①市場を見つけプロフェッショナルと組めたこと
第一に、山本先生と共感できたのは「既存業界へのアンチテーゼ」があったから。
・既存業界へのアンチテーゼ=見せ方だけを良くしてマーケティングしているサプリメントへのアンチテーゼ
・実際に商品の原材料を見ると十分な量が入っていないサプリメントが流通してしまっている玉石混交の現代
・山本先生と意気投合したのが、「正しいトレーニング知識・トレーニング方法を広めていきたい」ということ
・共感による意気投合がきっかけとなり、You Tubeチャンネルを立ち上げ、ホンモノのトレーニング知識に関する発信を進めていくことになった
・EAA9もプロテインもVALXと同じコスト構造で大手サプリブランドは参入できない。それは、無駄な宣伝広告費を省くという既存業界へのアンチテーゼに挑戦できているから。逆に、大手が宣伝広告費にかけているコスト分を原材料費に充てられることでプロダクトの品質に還元できる。
第二に、ポジショニングマップで市場の"スキ"を見つけること
・EAAに注目したきっかけは、山本先生のトレーナー養成スクールに入っていた方からの些細なLINEの一言だった
└ 2019年当時日本ブランドとしてEAAに注目している会社は少なかった
└ 国内のEAA市場を調査した結果、1万円台を切る高品質EAAブランドのポジショニングが空いていたので一点集中した
・プロテインは、たんぱく含有量をつきつめた商品ラインの開発に集中
└ EAA9同様に低価格×高品質路線を踏襲したところ、3日で初回生産分が売り切れるほど市場の反応は良かった
②プロダクトの品質
ホンモノとしての配合を実現するための妥協のなさ。
・EAAの配合は山本先生にヒアリングし、OEMメーカーとの間でも遵守し開発にあたった(OEMメーカーに打診すること、その数20社以上)
・結果的には、製造原価を開発取り組み当初原価割れだったところから、OEMメーカーと協力し半額まで引き下げることに成功
・原価がクリアできれば、残る課題は「味の改良」
└ EAAはそのままでは味が良くない
└ 味の改良時も、山本先生からこの甘味料は使ってはいけないと言われた教えを遵守し改良にあたった(〇〇テーム系の甘味料は使わなかった)
└ カスタマーに毎日飲み続けて欲しいものだからこそ、ブランドとして味にはこだわりを持ち改良を続けた
開発裏話
山本先生の配合だけは崩さない制約条件のもと、製造原価高騰の状況を打開したのが、ベータアラニンだった。

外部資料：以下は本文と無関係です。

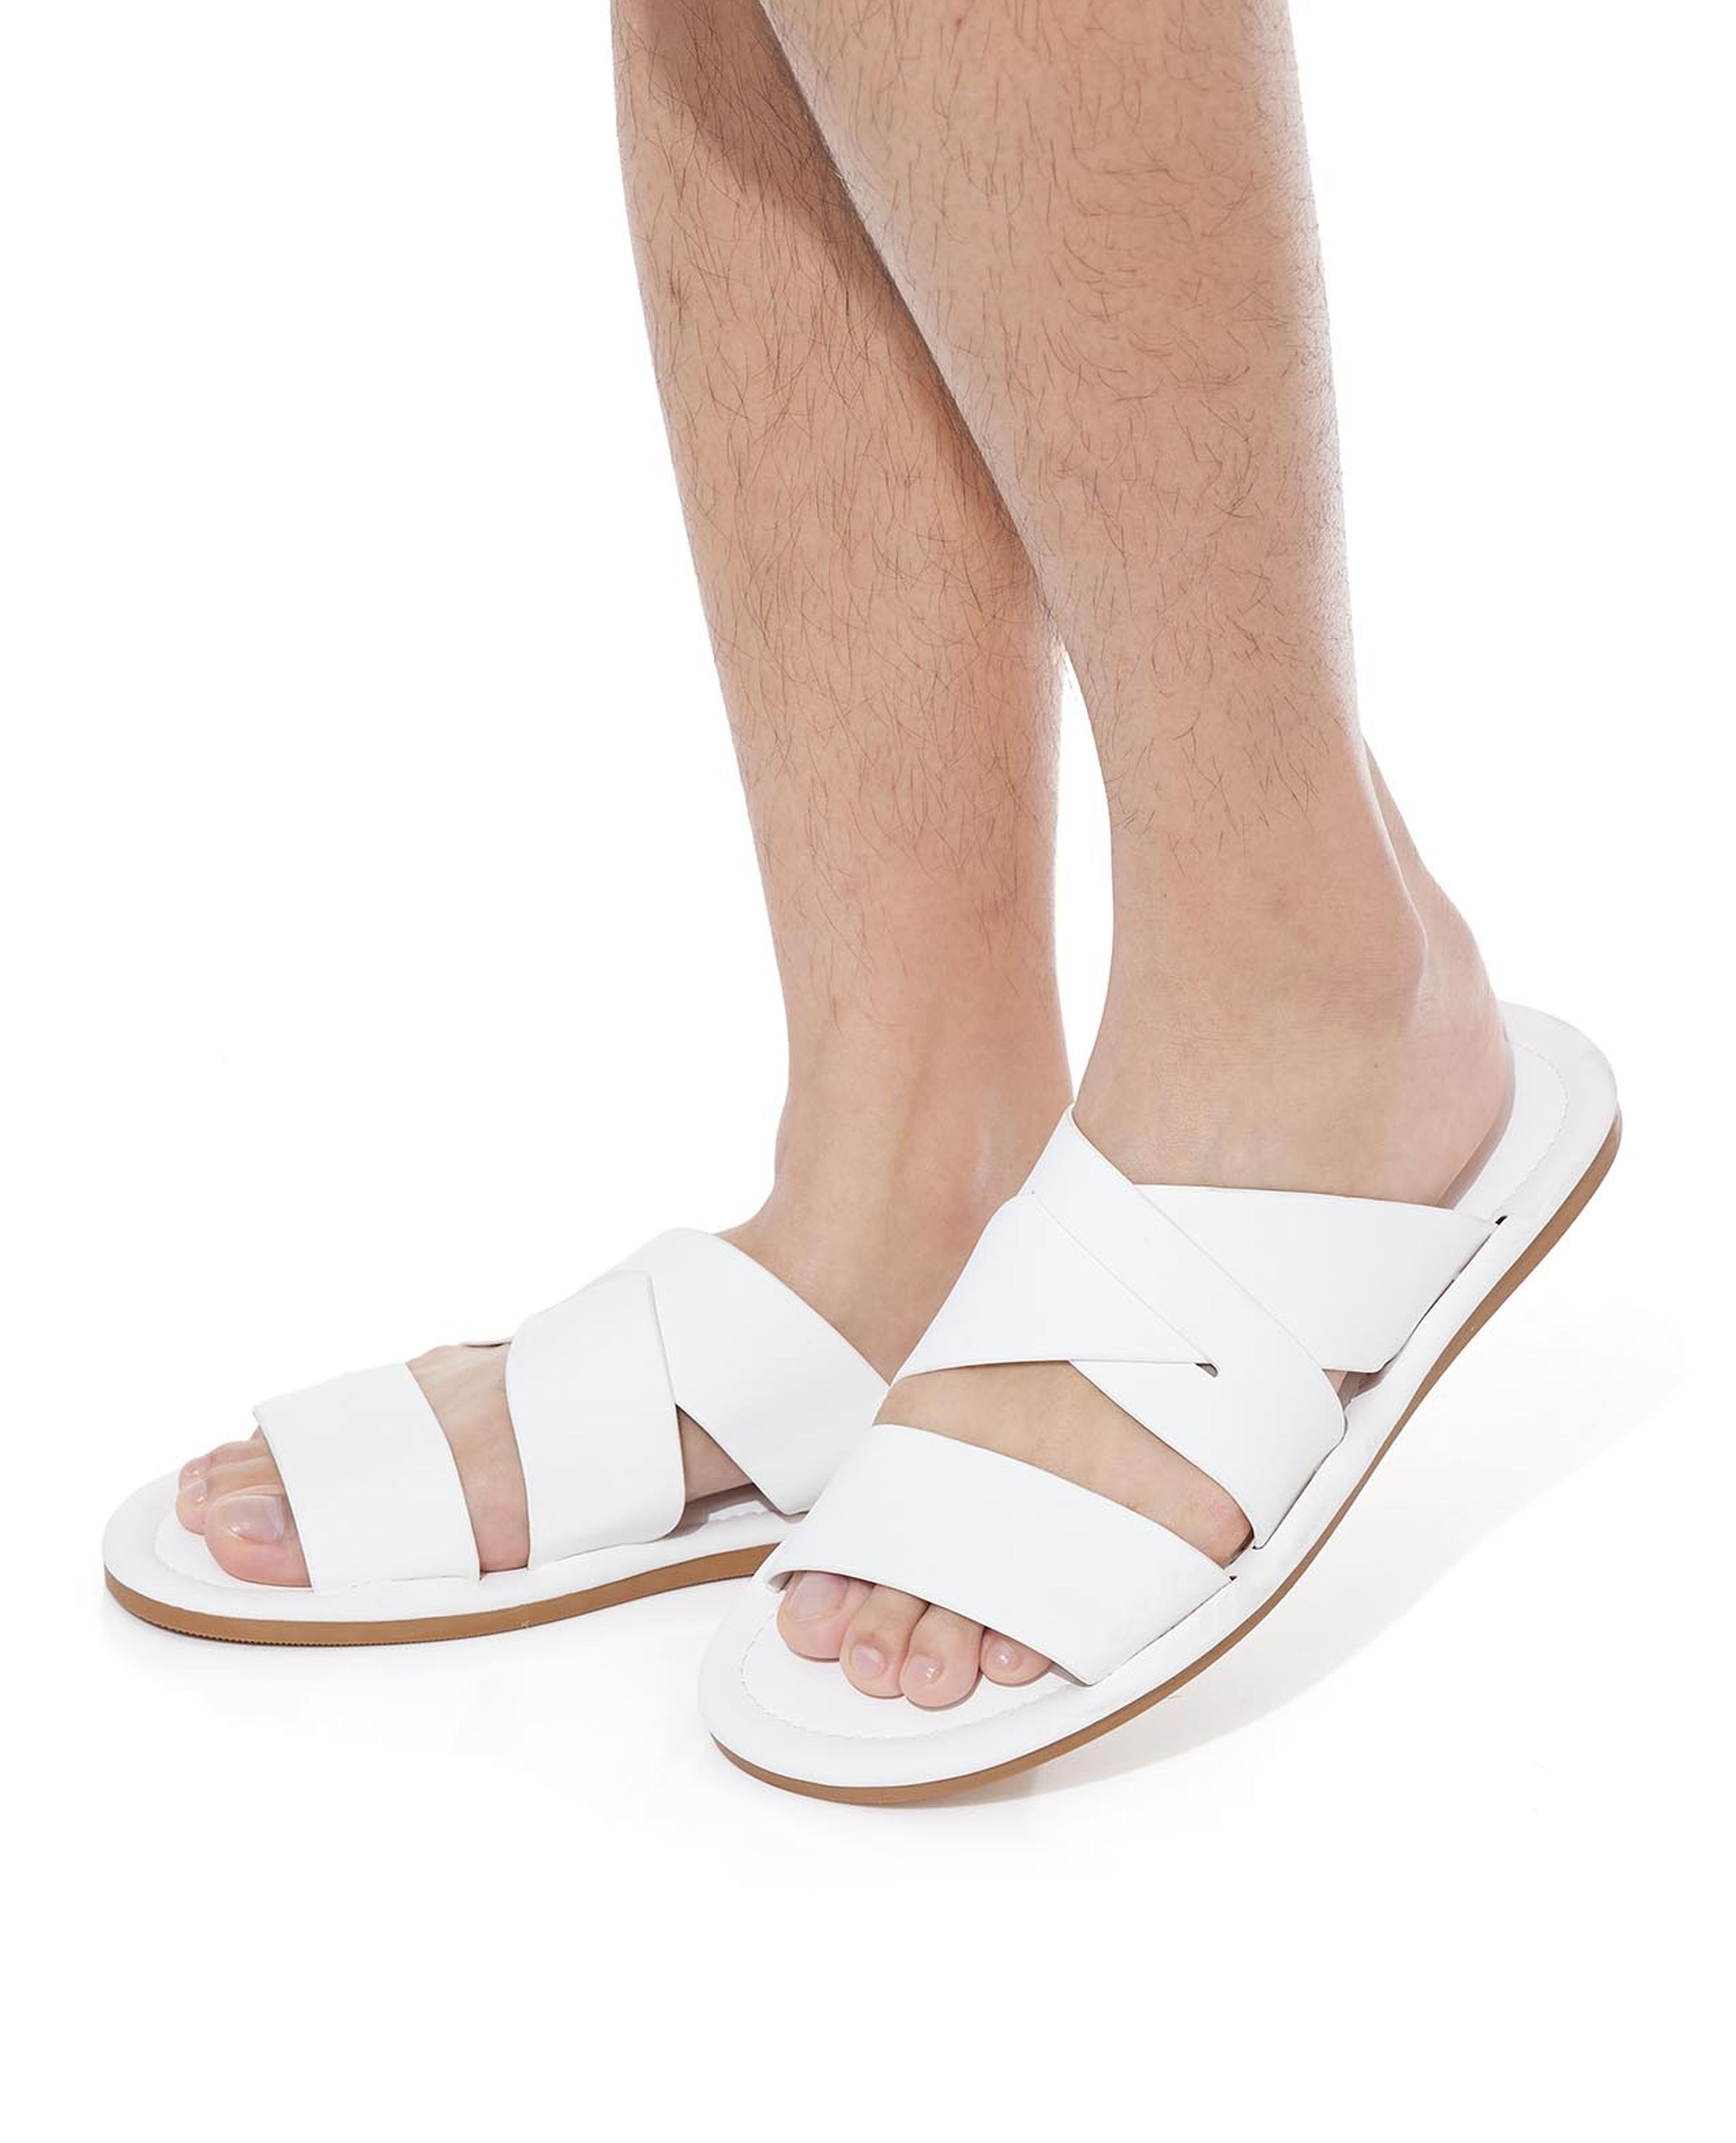 Shop Online Genuine Leather Arabic Sandal For Men | Chic
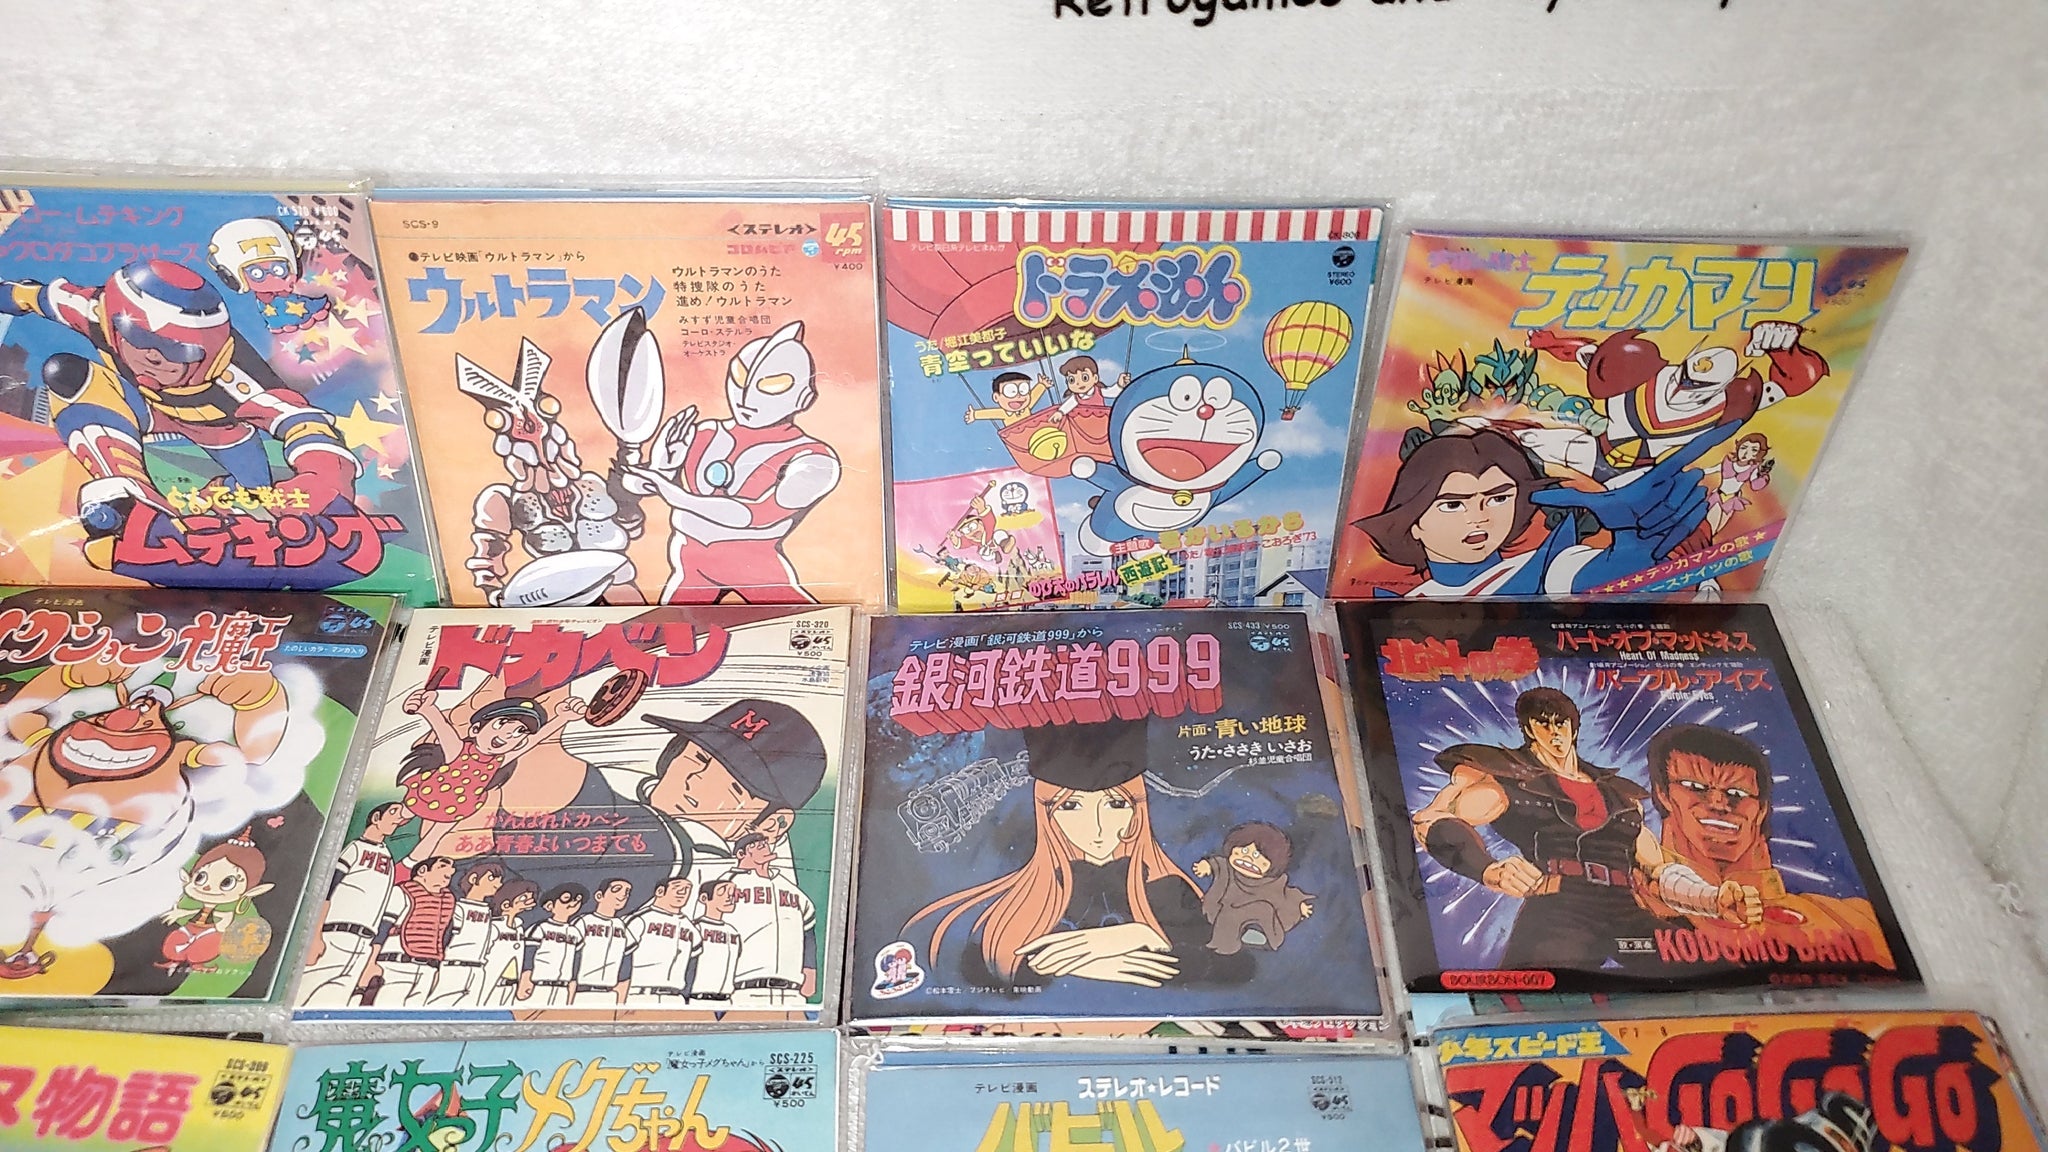 Anime CD Tv Myriad Colors Phantom World Character Song Mini Album Japan CD

当初製造原価を上げていたのが、カルノシンという成分だった。
「カルノシン=β-アラニン+ヒスチジン」の生成式のうち、ヒスチジンはEAA9として山本先生の配合に含まれていた。
残るは、β-アラニンの配合だったが、幸いにも2019年3月から日本国内で扱えるようになったことでカルノシンを直接配合する必要なく、網羅することが出来るようになったのだった。
③売る前にメディアを作る。ブランド側でコントロールできるメディアを持つことが大事。
VALXはEAA9を発売する時点で既に、SNS累計17.0万名の見込み客にリーチできる手段を持っていた。その結果、広告に注力することなくローンチ初月から売上1,700万円を達成することができた。
プロダクトローンチ時の各SNSアカウントのフォロワー数は下記の通り。
「チャネル名:フォロワー数(各チャネルの初投稿日≒運用開始日)」
YouTube:11.2万名(初投稿日:2019年4月22日)
Instagram:2.4万名(2019年4月30日)
Twitter:2.6万名(2019年4月23日)
TikTok:0.7万名(2019年5月13日)
④(+結果論だが)広告費で赤字になったことがないこと
SNSアカウントでの常時ユーザーと繋がる手段を持ち得ていたことで、広告で赤を掘ったことがこれまで一度もなかった。これは、D2Cブランドとしては稀有な事例だと思う。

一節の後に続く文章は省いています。